How about buying whole grain in bulk and finding a way to make your own longer lasting bread product without all the additives? That's not such a tall order, is it?
It's been done by native people all over the world including right here.

----------


## canid

I like that idea quite a lot B.

----------


## crashdive123

Knowing how to make your own bread (in varied cooking conditions) is a good skill to have and one that will not only serve you well today, but during lean times as well.

----------


## LowKey

Oops, sorry. My misinterpretation of what you meant by 'refined carbs'. For some reason I always think sugars, not flour/grain.
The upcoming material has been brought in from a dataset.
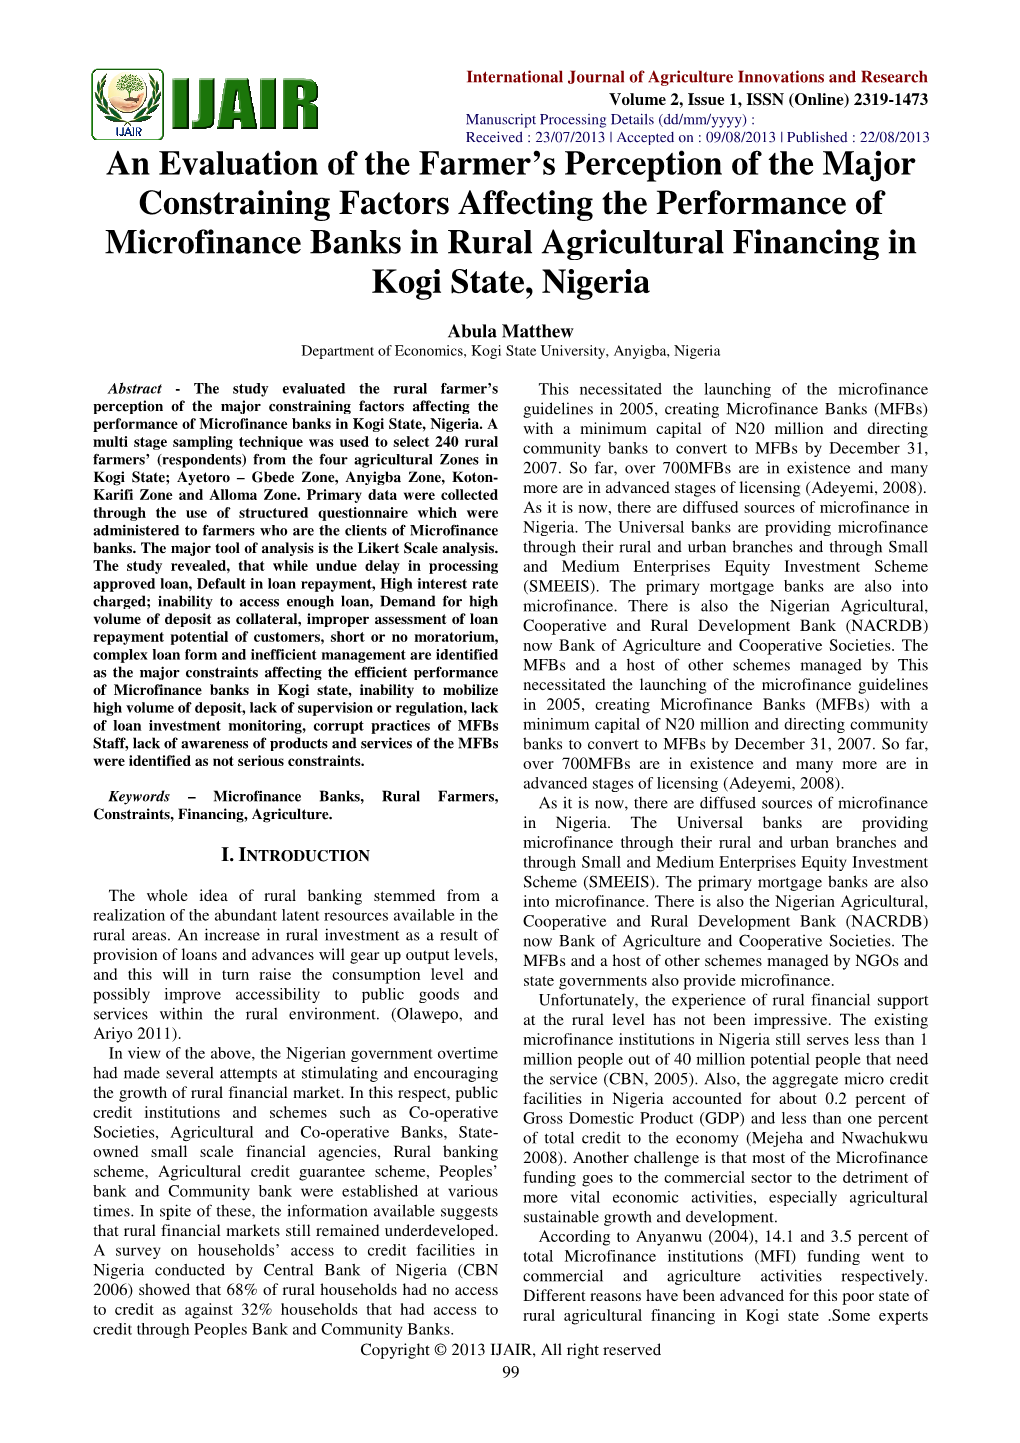 An Evaluation of the Constraining Factors Affect Microfinance Banks in Rural a Aluation of the Farmer's Perception of Factors

I made 100% whole wheat bread today for the first time. Bought the little bag of $4 _organic_ whole wheat flour a few weeks ago but just got around to trying it. Gawd, it's awful tasting stuff. And I like whole wheat products. Not sure I could ever get used to this, even in a pinch. It rose ok both in the bowl and in the pans (which surprised the heck out of me) but flattened like a pancake in the oven. Looks like two rather large bricks—and about as tasty. Gonna be some expensive bird food. Looking around for a new recipe if anyone has one. This one started with scalded milk, water, butter, salt and yeast then used honey and molasses instead of sugar, and no white flour at all.

----------


## BENESSE

> Looking around for a new recipe if anyone has one. This one started with scalded milk, water, butter, salt and yeast then used honey and molasses instead of sugar, and no white flour at all.


LK, I've made this bread 2 years ago and it was delicious. (Quinoa is a staple at our home and it's a wondergrain.) I like the fact that you don't need a mixer or a bread machine for it. The reason I don't make it more often is that we tend to polish it quickly while still warm, and calories are calories even when healthy. 
I got the recipe here: 
http://chefinyou.com/2010/04/quinoa-bread-recipe/

The only substitute I made was:
1/4 cup Soy milk (instead of real milk)
1/4 cup safflower oil (recipe calls for vegetable oil)
No sourdough starter (didn't have it, didn't want to look for it)
Added 1 tsp of sea salt

----------


## hunter63

My very first post here was asking about making bread dough right in a flour sack....Using a bowl shaped indentation in the flour to mix it in.
Saw it in a recipe book written by Bradford Angier, I thought........Still haven't found it.

----------


## Rick

Soy Milk!? Cough, sputter, choke, hack, spit! Whew. That's like soy bacon. Blasphemous. Cow=Milk. Pig=Bacon. Do not try to change what the Lord put together. That's like asking for a SHTF situation. I need to delete some posts in this thread just to get the world spinning correctly again.

----------


## Rick

The other thing you can consider is Hard Tack. I've made quite a bit of it and it is just that. Not bad, though and not bad at all if soaked.

----------


## crashdive123

> My very first post here was asking about making bread dough right in a flour sack....Using a bowl shaped indentation in the flour to mix it in.
> Saw it in a recipe book written by Bradford Angier, I thought........Still haven't found it.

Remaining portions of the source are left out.